Paylaş
- Barış gününde savaş: Bayramın üçüncü günü Kadıköy’ü yakıp yıktı bir grup kendini bilmez. “Barış için” otobüs durakları parçalandı, dükkanların camları kırıldı, ortalık ateşe verildi... “Dünya Barış Günü”nün anlam ve önemi itibariyle tam “yorumsuz” diyeceğimiz türden bir “eylem”e imza atıldı. İnsanlar evine gidemedi, arbede arasında kalanların canı yandı. Kalabalık, ortalığı dağıtıp yok oldu; geride bıraktıkları semt, koca bir savaş alanından farksızdı. Akşam saatlerinde Kadıköy’den geçenlerin, gördükleri karşısında içleri sızladı... “Bu kafayla neyi çözeriz” demekten kendilerini alamadılar...
- Denge bilekliği: Her dönem böyle bir “kitle kandırmacası” çıkar ortaya. Milyonlar da afiyetle yer yalanı-dolanı. Bir ara stres bilezikleri vardı, hatırlarsınız, böyle bilezik olacak şekilde eğilmiş bir çubuk düşünün, uçlarına da birer top iliştirilmiş... Vaktiyle peynir ekmek gibi satmıştı. Şimdi de hologramlı denge bileziklerine para akıtmakla meşgulüz. Valla, ne akıllı iş ya! Ben de bir “denge yüzüğü” tasarlayıp paraya para dememeyi düşünüyorum tez vakit. Şu hayatta çakal olmak lazımmış, ben bunu gördüm arkadaş. Hayır yani bir meselenin bilimsel olarak faydasızlığı kanıtlanmışken bu kadar satılıyorsa, “Herkes alsın, müthiş bir icat” desek ne olacaktı, çok merak ediyorum.
- Trafik cinayetleri: Trafiğin, Türkiye’deki en büyük sorunlardan biri olduğunu, adeta her tatilde “toplu ölüm vakaları” yaşandığını kabul etmek ve bu işi çözmek için önemli adımlar atmak için ne diye durur devlet, ben çözemedim sen çözebiliyor musun sevgili kelle koltukta yaşayan Habitus okuru? Muhterem devlet büyüklerimize seslenelim madem, bir daha. Biliyorum, kulağa hiç gerçekmiş gibi gelmiyor ama... Ölüyoruz yahu, ölüyoruz!
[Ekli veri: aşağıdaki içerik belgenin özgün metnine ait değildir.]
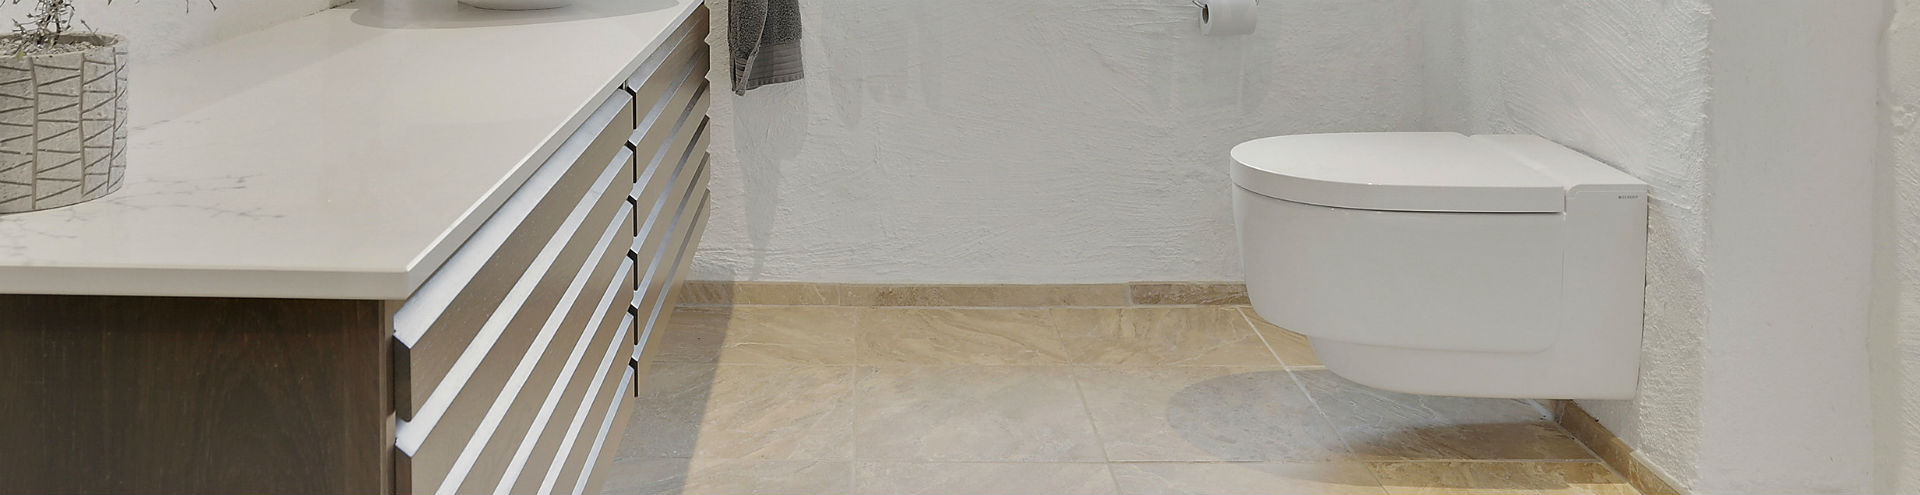 Top Nyt toilet? Få viden, priser og gode råd her WK84

- Beyoğlu’na balkon: Sokakların masalardan “temizlenmesi” ve işi kuralına göre yapan mekanların da mağdur edilmesi, her şeyden de önemlisi sokak kültürünün yok edilmesinden sonra Beyoğlu Belediyesi’nden yeni bir çözüm geldi: 70 santimlik ferforjeli balkon. Koşul da “şık bir şey” olması.
Bakınız bu “şık bir şey” çok tehlikeli bir cümle. Mesela ben en son düğünümün videosunu çeken firmaya “şık bir şey olsun” dediğimde “Titanic” müziği eşliğinde karelerin uçuştuğu, dağ, bayır görüntüleriyle mikslenmiş “potpuri” tadında akıllara ziyan bir işle karşılaştım...
Ya da “şık bir şey” olsun diye pastanenin zevkine güvenerek gönderdiğim arkadaşımın doğum gününe “kaka anıtı” biçiminde bir pasta geldi... İşte, görüyorsunuz, şık bir şey, insandan insana hayli değişim gösteren bir kavram.
Beyoğlu Belediyesi, böyle bir fikirle geliyorsa, “şıklık” değil, “standart” koşulu getirsin. Fikrin kendisi ne yazık ki kötü, sokak kültürü “balkon” ile geri gelmez ama madem ısrarla uygulanacak, “şıklık”, mekanların inisiyatifine bırakılmamalı.
- Ruslar’a işkence: Rus çiftin rafting esnasında başlarına geleni duydunuz. Alkolden zehirleriz, taciz eder döveriz... Bu işin sonu nereye varacak dersiniz? Pek yakında Rusya, vatandaşlarına “Türkiye’ye gitmeyin” çağrısı yaparsa şaşmam.